J’ai passé les dix années suivantes à essayer de me détacher avec une seule main, puis j’ai enduré une peine de vingt ans de travaux forcés à flotter dans l’obscurité avant de pouvoir retrouver ma couchette, incapable de savoir où se trouvait la tête, ce qui m’aurait permis de retrouver l’interrupteur au toucher. Le compartiment dans lequel je me trouvais ne mesurait pas plus de deux mètres dans sa plus grande dimension ; il me semblait pourtant plus spacieux que le Vieux Dôme pendant cette période de chute libre et d’obscurité totale. J’ai quand même fini par trouver ce satané bouton, et la lumière fut.

(Ne me demandez surtout pas pourquoi ce cercueil volant n’avait pas au moins trois systèmes d’éclairage fonctionnant tous en même temps ; question d’habitude, probablement. Un système d’éclairage suppose un interrupteur pour le mettre en marche, niet ? Ledit matériel ayant été construit en deux jours, j’aurais dû m’estimer heureux que l’interrupteur ait fonctionné.)

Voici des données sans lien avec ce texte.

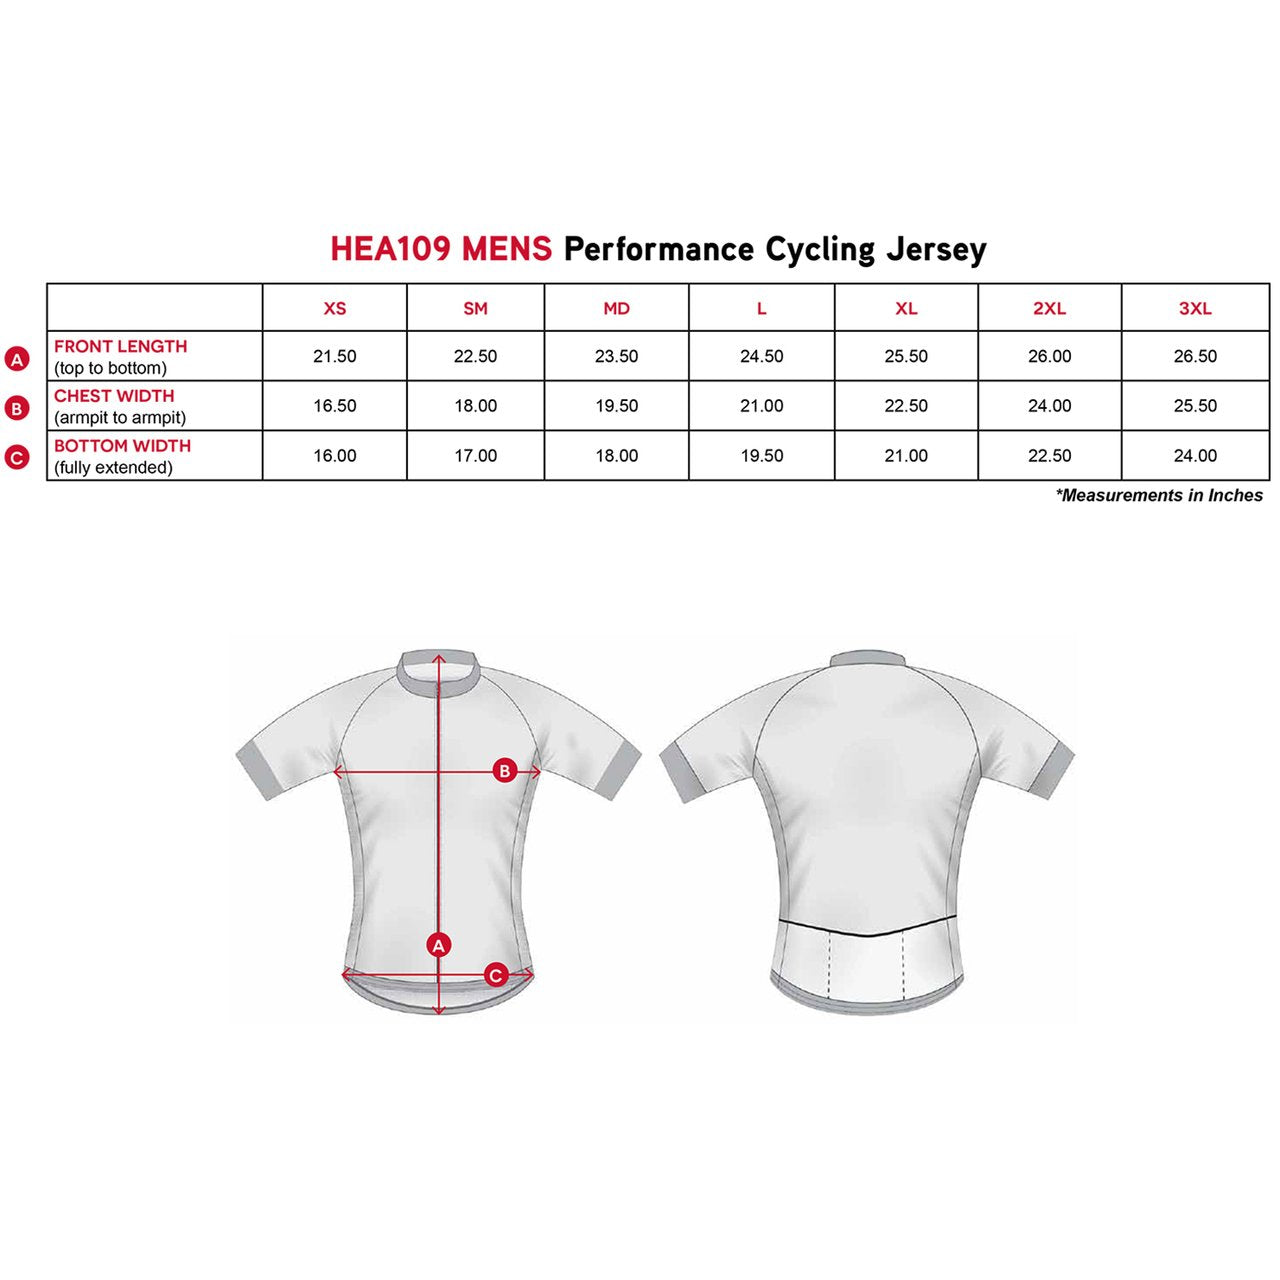 Floral ECO Men's Cycling Jersey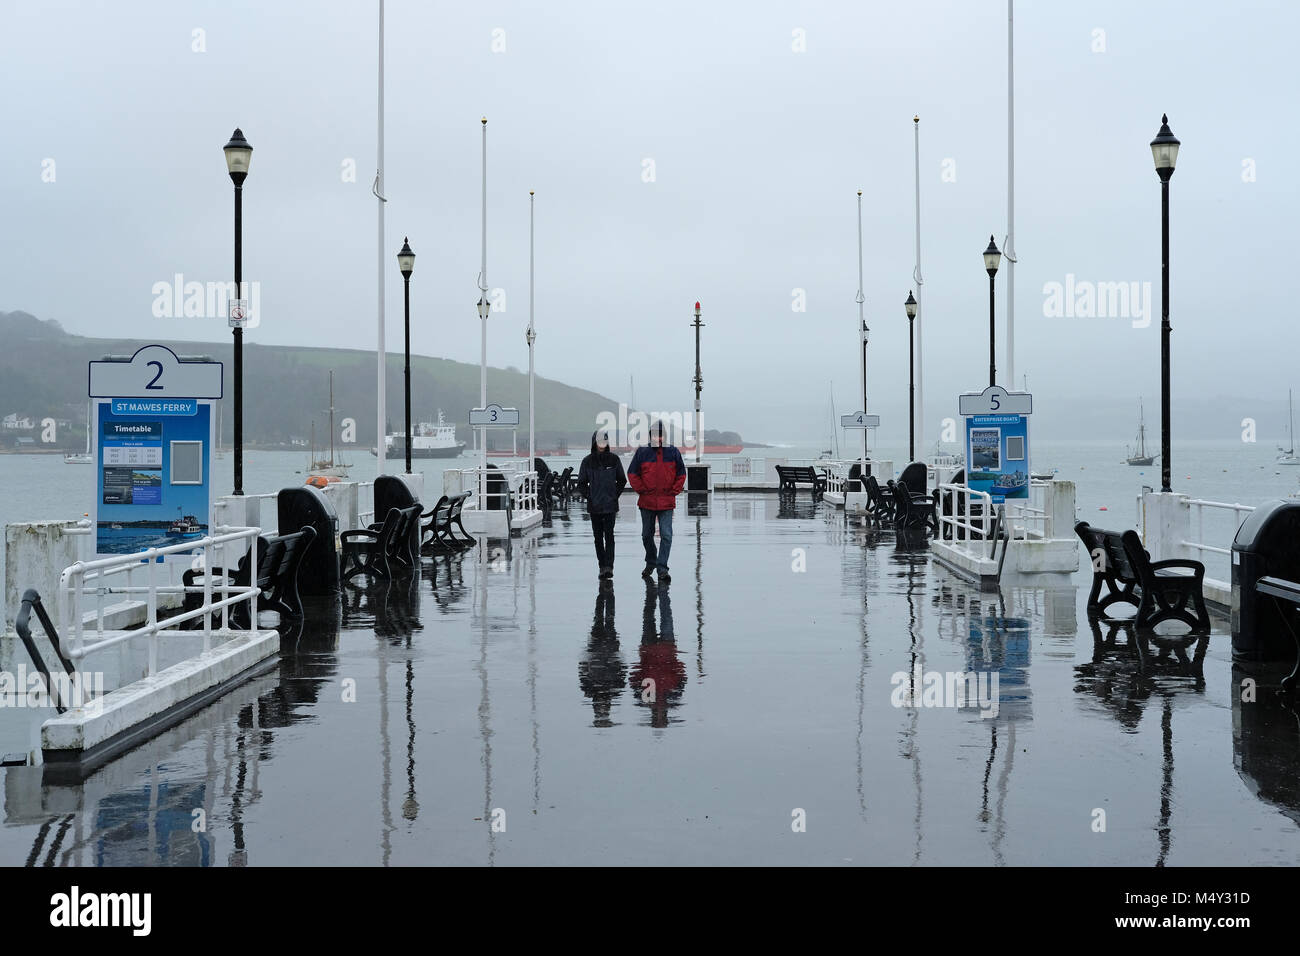 A rainy winters day in Falmouth, Cornwall Stock Photo

Éclairé, le volume m’a paru réduit de 10 % et j’ai commencé à souffrir de claustrophobie. Alors j’ai pensé à regarder Prof.

Mort, apparemment. Bon, il avait toutes les excuses pour s’être laissé mourir. Je l’ai envié, mais il fallait quand même que je vérifie son pouls, sa respiration et d’autres choses de ce genre, dans le cas où il n’aurait pas eu de bol. Une fois de plus je me suis empêtré, et pas seulement parce que je n’avais qu’un bras : ils avaient séché et comprimé le grain comme à l’ordinaire avant le chargement, et la cabine était supposée pressurisée ; oh ! ne vous imaginez rien d’extraordinaire, ce n’était jamais qu’un réservoir avec un peu d’air dedans ! Nos combinaisons devaient en principe nous fournir tout le nécessaire à la survie pendant deux jours ; mais la meilleure combinaison reste plus confortable dans un environnement pressurisé que dans le vide, et de toute façon j’étais supposé savoir m’occuper de mon malade.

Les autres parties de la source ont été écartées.